BRIEF DESCRIPTION OF THE DRAWINGS
[0008] FIG. 1 is a perspective view of the sander for wooden floors
viewed from the right front of the apparatus.
[0009] FIG. 2 is a left side elevation view of the sander of FIG. 1
and also illustrates an attached vac hose.
[0010] FIG. 3 is a top view of the sander of FIG. 1
[0011] FIG. 4 is a bottom perspective view of the sander of FIG. 1
with the bottom dust plate in place.
[0012] FIG. 5 is identical to FIG. 4 except the bottom dust plate
has been removed.
[0013] FIG. 6 is a left side section view of the sander, similar to
FIG. 2.
[0014] FIG. 7 is a section view of the sander taken along the line
7-7 of FIG. 6.
[0015] FIG. 8 is a section view of the sander taken along the line
8-8 of FIG. 6.
[0016] FIG. 9 is a section view of the drive assembly including the
drive shaft, drive belt and the driven pulley.
[0017] FIG. 10 is an enlarged section view of the grooves in the
drive shaft and a ion of the elastic drive belt.
[0018] FIG. 11 is a left side elevation view of the sander of FIG.
2, except a dust collection bag has been substituted for the vac
hose.
DETAILED DESCRIPTION OF THE INVENTION
[0019] Referring now to FIGS. 1-3, a sander for wooden floors is
generally identified by the numeral 20 and is often referred to as
an "edger". The sander 20 includes a lower body 22 connected to a
motor housing 90. The lower body 22 is supported by a left caster
assembly 24 and a right caster assembly 26. The motor housing
defines a left handle 28 and a right handle 30. In the right handle
is an on/off switch 32 and in the left handle is an optional motor
speed switch 34. A light assembly 36 is positioned in the upper
part of the body so the light shines down on the floor in front of
the sander.
[0020] The sander is driven by an electric motor 38, better seen in
FIG. 6. An electric cord, 40 provides electricity to the electric
motor and the light assembly. In normal sanding operation, the dust
emitted during the sanding process passes through a vac hose 42 to
a dust collection receptacle, not shown such as an industrial
vacuum cleaner. Operators generally move from the left to the right
while sanding a floor, so it is convenient to have the electric
cord 40 and the vac hose 42 positioned on the left of the sander 20
to allow unencumbered movement to the right. In an alternative
embodiment, better seen in FIG. 11, a removable dust collection bag
is used in lieu of the vac hose and dust collection receptacle. The
dust collection bag may also be referred to as a dust collection
receptacle. A bumper 44 is positioned at the front of the sander to
prevent damage to walls. A sanding disk 46, better seen in
subsequent figures rotates clockwise immediately below the bumper.

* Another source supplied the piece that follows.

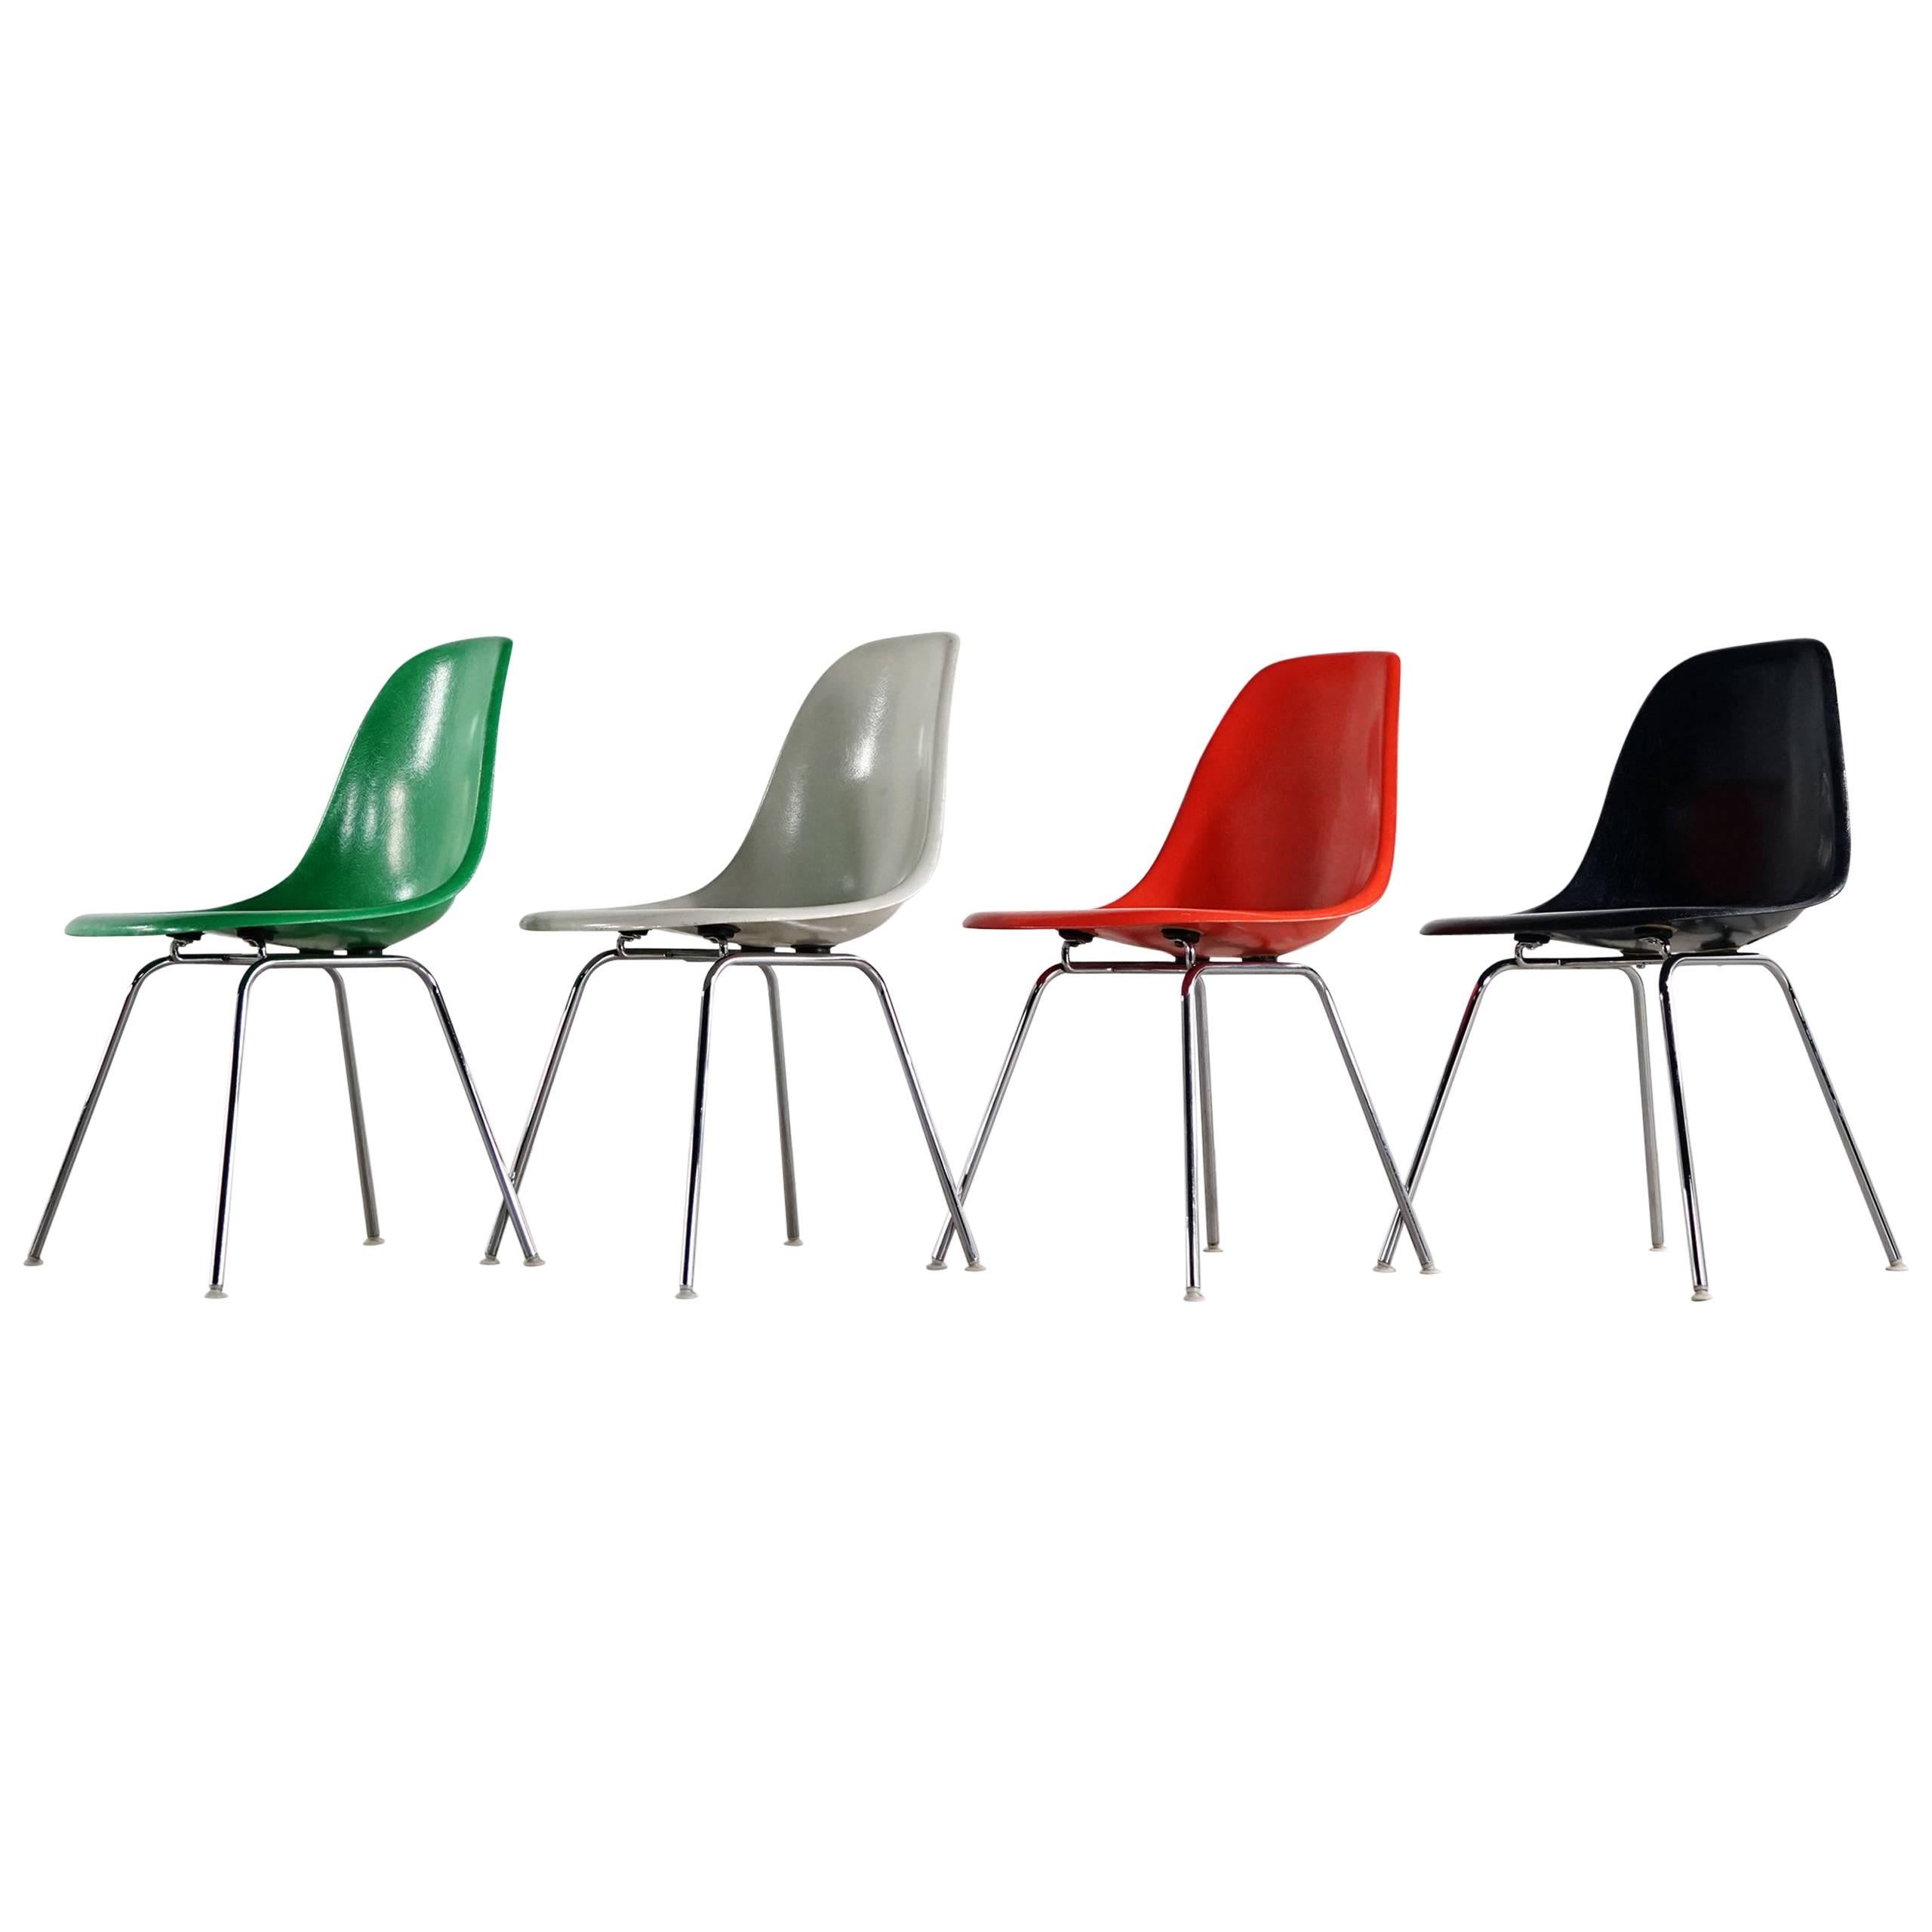 Charles Eames, Rare Set of Four Siede Chairs, Fehlbaum Prod, Vitra Etc

Sanding paper 48 is attached to the sanding disk 46 by a bolt 54
and washer 55.
[0021] Referring now to FIGS. 4-8, the internal components of the
sander are shown in various views. The sanding disk 46 is attached
to the sanding disk driver 50 by a plurality of screws 52. The
sanding disk driver 50 threads onto the shaft 104 of the driven
pulley 102. Rotation of the drive shaft 56 imparts rotational
motion via the elastic drive belt 100 to the sanding disk driver
50, the sanding disk 46 and the sanding paper 48 which is in
contact with the wooden floor.
[0022] In FIG. 4 the bottom dust plate 58 is attached to the body
by screws 60. In FIG. 5, the bottom dust plate has been removed to
better show the flow of dust through the sander. An external dust
containment wall 62 surrounds most of the perimeter of the rotating
sanding paper 48. The bottom dust plate 58 and the external dust
containment wall 62 define a dust containment chamber 63. A dust
fan shroud 64 partially surrounds the dust fan blade element 66 and
defines the inlet 68 for the dust fan assembly 70. The dust fan
blade element 66 mounts on the bottom of the motor drive shaft 56
and is secured in place by a retaining key 72 and ring 73.
[0023] The flow of dust through the sander 20 is best seen in FIGS.
5 and 6. Rotation of the dust fan blade element 66 inside the dust
fan shroud 64 creates negative pressure at the inlet 68 of the dust
fan assembly 70. This negative pressure draws the dust from the
dust containment chamber 63 through the inlet 68 as indicated by
the flow arrows in FIG. 6. The dust then exits the dust fan
assembly 70 through the outlet 74, best seen in FIGS. 6 and 8 and
passes through the dust exhaust duct 76, as shown by the flow
arrows, through the vac hose to a dust collection receptacle, not
shown or a dust collection bag, best seen in FIG. 11.
[0024] Referring to FIG. 8, a motor cooling fan assembly 82
includes a cooling fan blade element 84, motor cooling air inlets
86, fan intake baffle 87, a first motor cooling air outlet 88 and a
second motor cooling air outlet 89, better seen in FIGS. 5 and 6.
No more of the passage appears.